Я понял, что дело неладно.
– Что случилось, Эмануэла? – наконец прямо спросил я ее. – По-моему, ты пришла рассказать мне о чем-то. О чем же?
– О, если тебе угодно, речь обо мне – о моей жизни. Даже не знаю, с чего начать. Мне кажется, что я вроде бы и не жила, – после стольких лет довольно насыщенной жизни! Как будто только сейчас… или в последние два-три года у меня раскрылись глаза и я начала видеть вещи такими, как они есть. Довольно неприятное открытие. Знаю, знаю, что ты скажешь: я сама виновата, все могло быть по-другому. Наверное – если бы я сама была другой. Не наверное, а точно: все сложилось бы иначе. Но как стать другой, если ты не сделана другой? – Она посмотрела на меня так, словно ожидала услышать от меня что-то новое.

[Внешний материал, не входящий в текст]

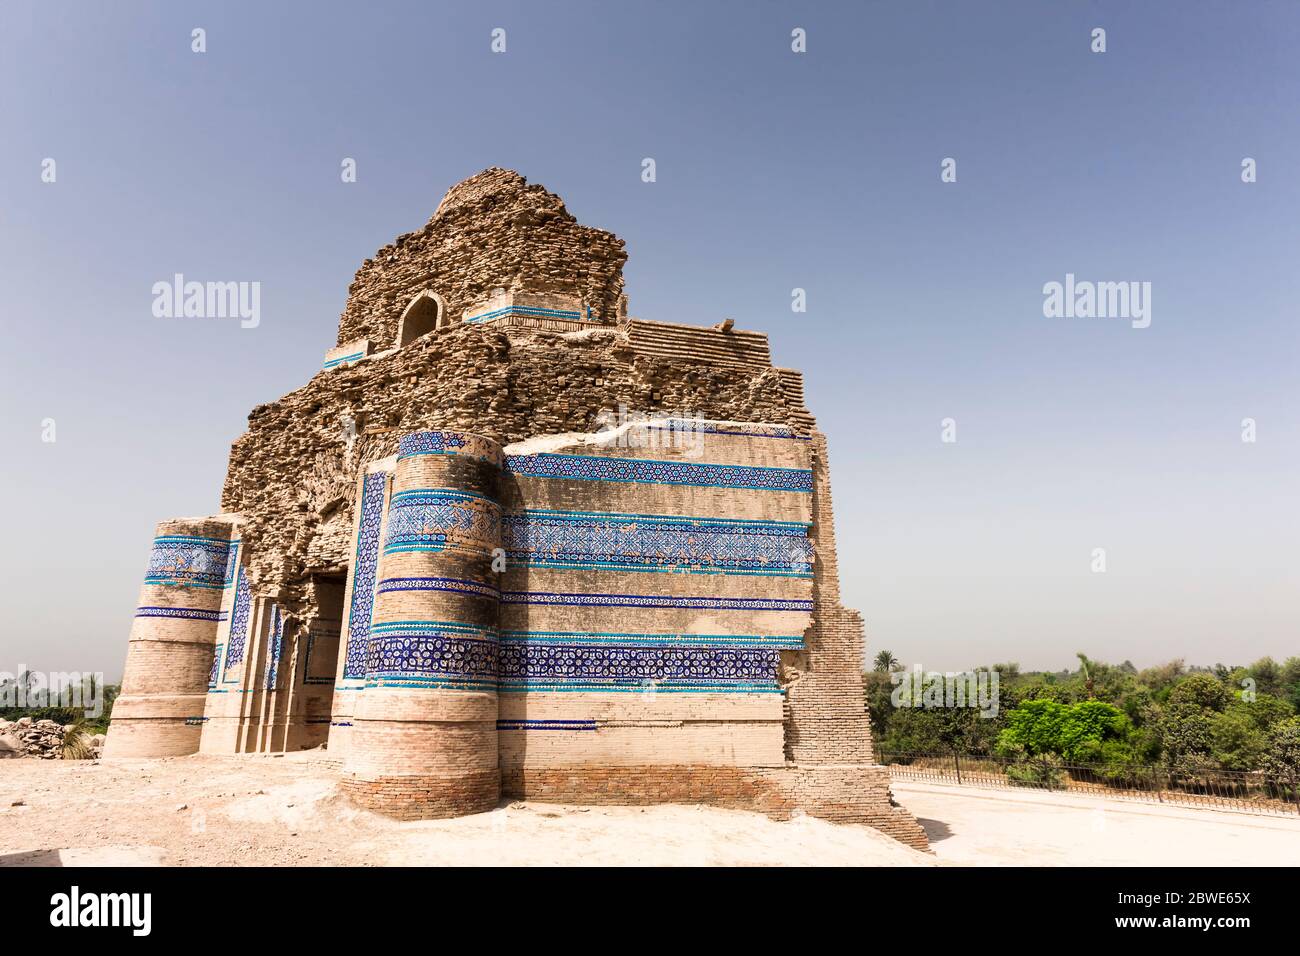 Tombe de Bibi Jawindi à la nécropole de l'UCH, UCH Sharif, district de Bahawalpur, province du Punjab, Pakistan, Asie du Sud, Asie Banque D'Images

– Ты пришла задать мне этот вопрос?
– Ах, нет. Ты сам понимаешь, что не в этом дело. Просто сегодня у меня отчего-то скверно на душе, тоска заела.
– Это все, Эмануэла, больше ничего?
– Нет, не все, – помедлив, с нажимом ответила она, и в ее тоне я уловил тревогу. – Есть еще кое-что, о чем я давно хотела тебе рассказать. Не знаю, к кому, кроме тебя, я могла бы обратиться, кто еще захотел бы помочь мне… Это касается моих родителей. Я писала тебе, что у отца был удар. Но опустила разные подробности, так как думала… Ну, в общем…
– В общем?.. – повторил я выжидательно, поскольку она замолчала.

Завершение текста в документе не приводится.